■ Dataset excerpts ■

-*-*-

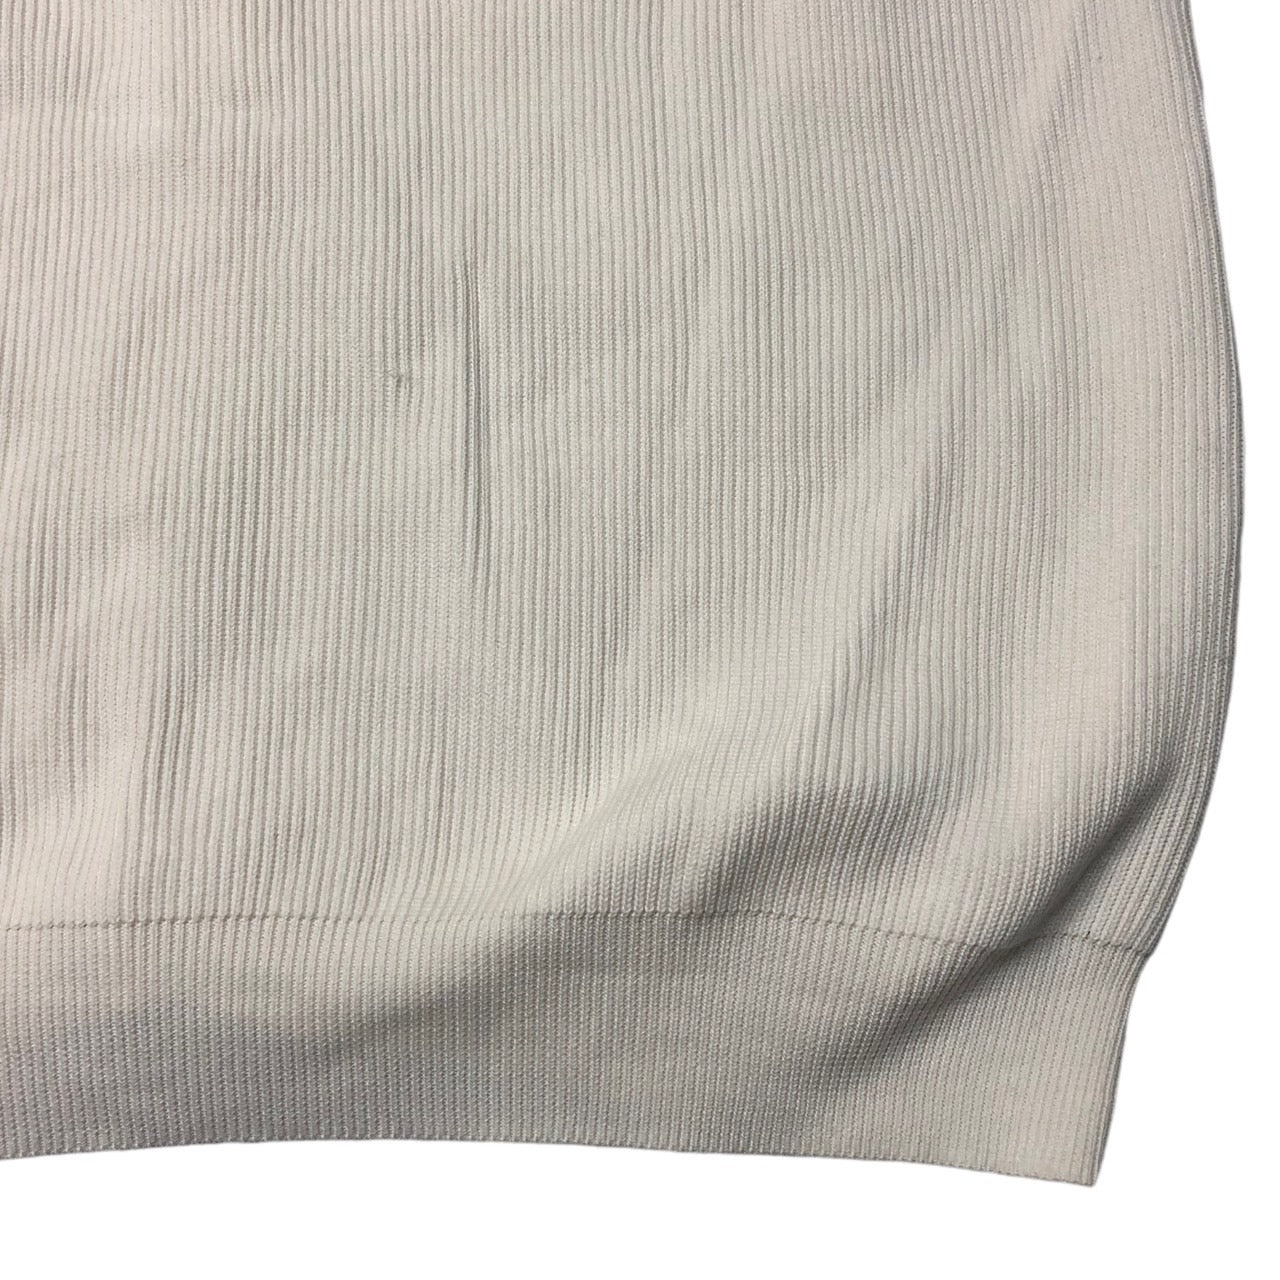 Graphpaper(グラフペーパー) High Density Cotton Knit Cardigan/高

-*-*-

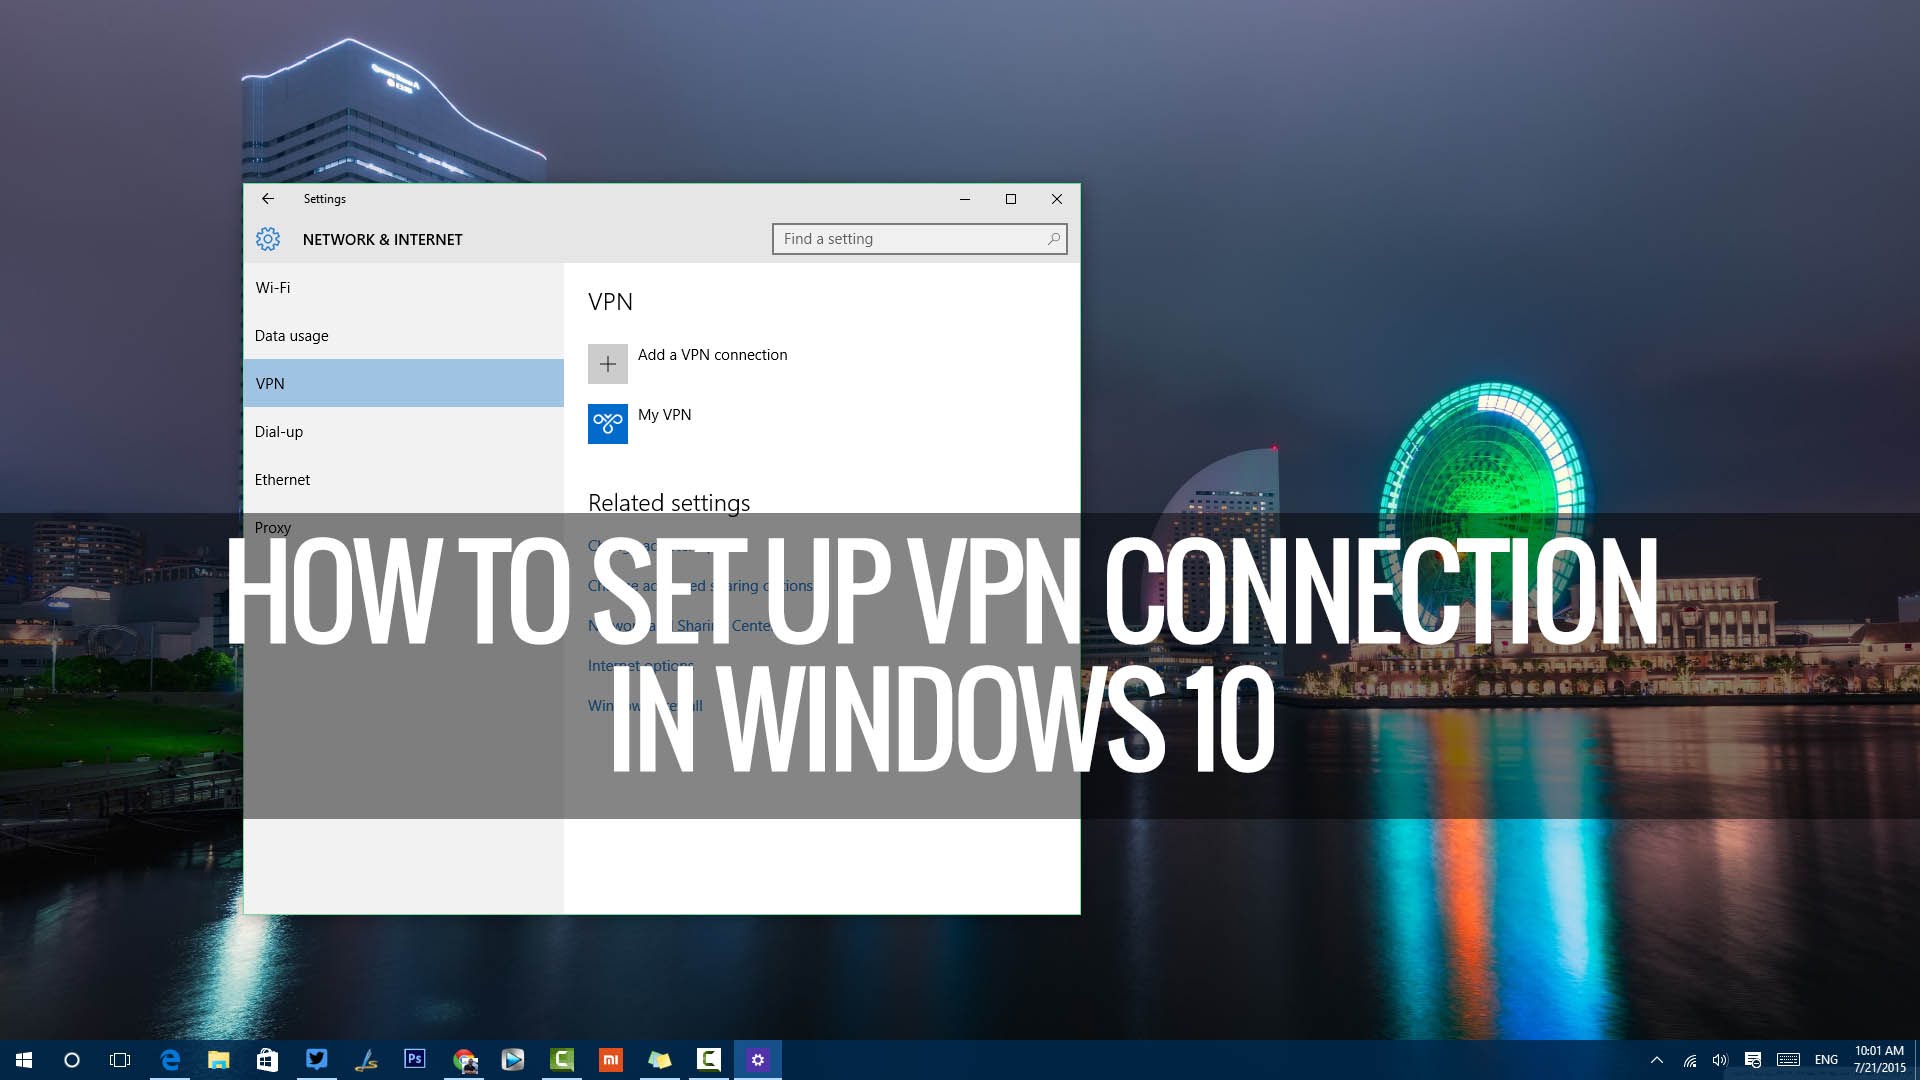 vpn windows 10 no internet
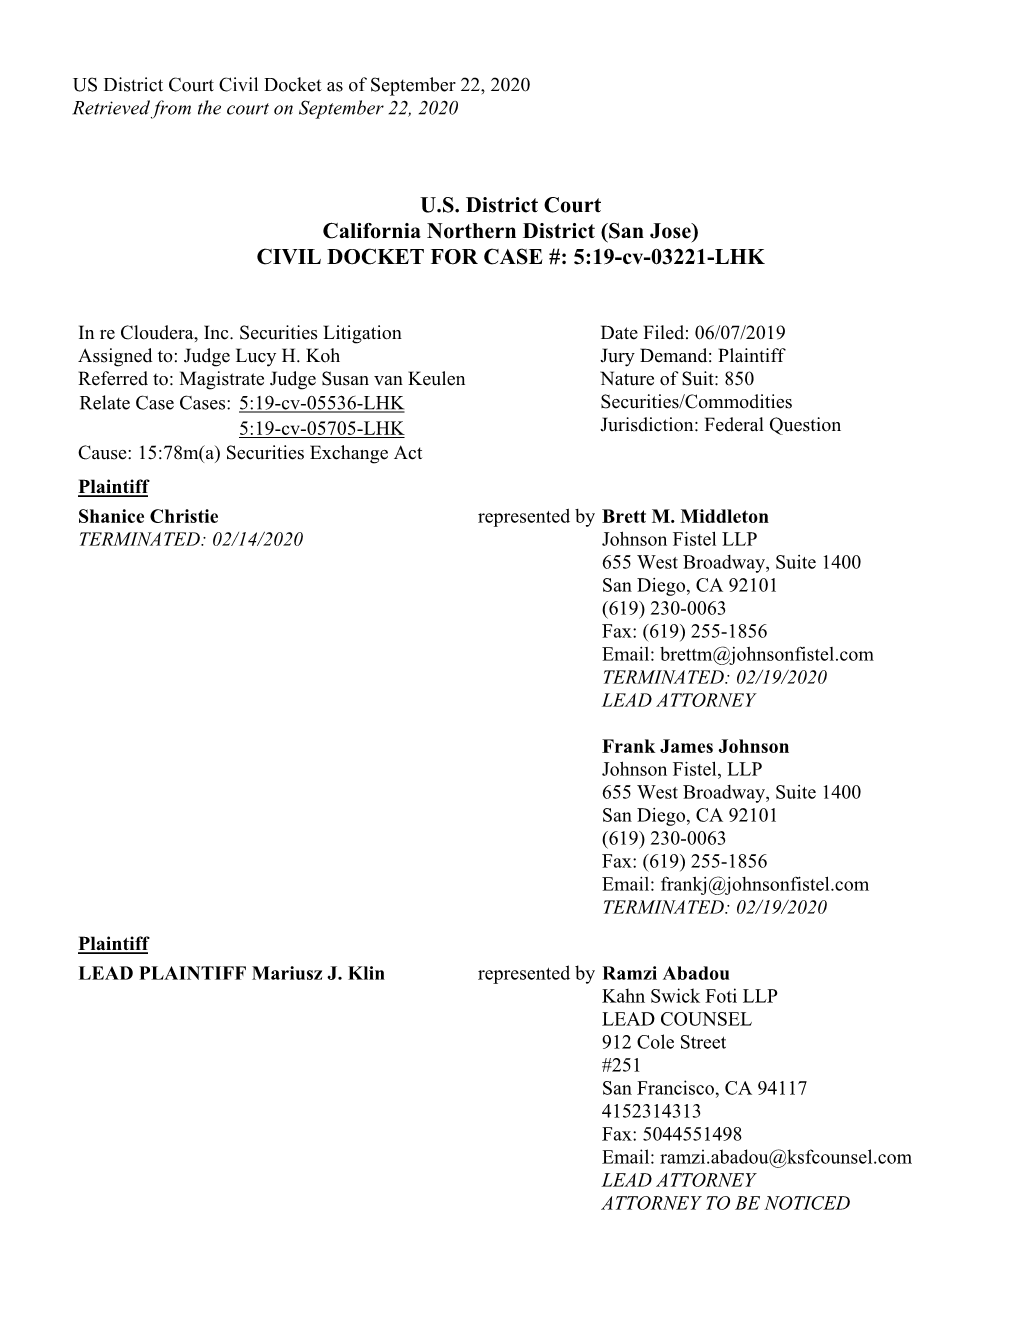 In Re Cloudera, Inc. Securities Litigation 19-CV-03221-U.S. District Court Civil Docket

-*-*-

Range to copy from the listing above: the line containing "vpn windows 10 no internet" down to the line containing "In Re Cloudera, Inc.", both included. Reproduce it exactly, minus the pictures, and add nothing.

 vpn windows 10 no internet
 In Re Cloudera, Inc. Securities Litigation 19-CV-03221-U.S. District Court Civil Docket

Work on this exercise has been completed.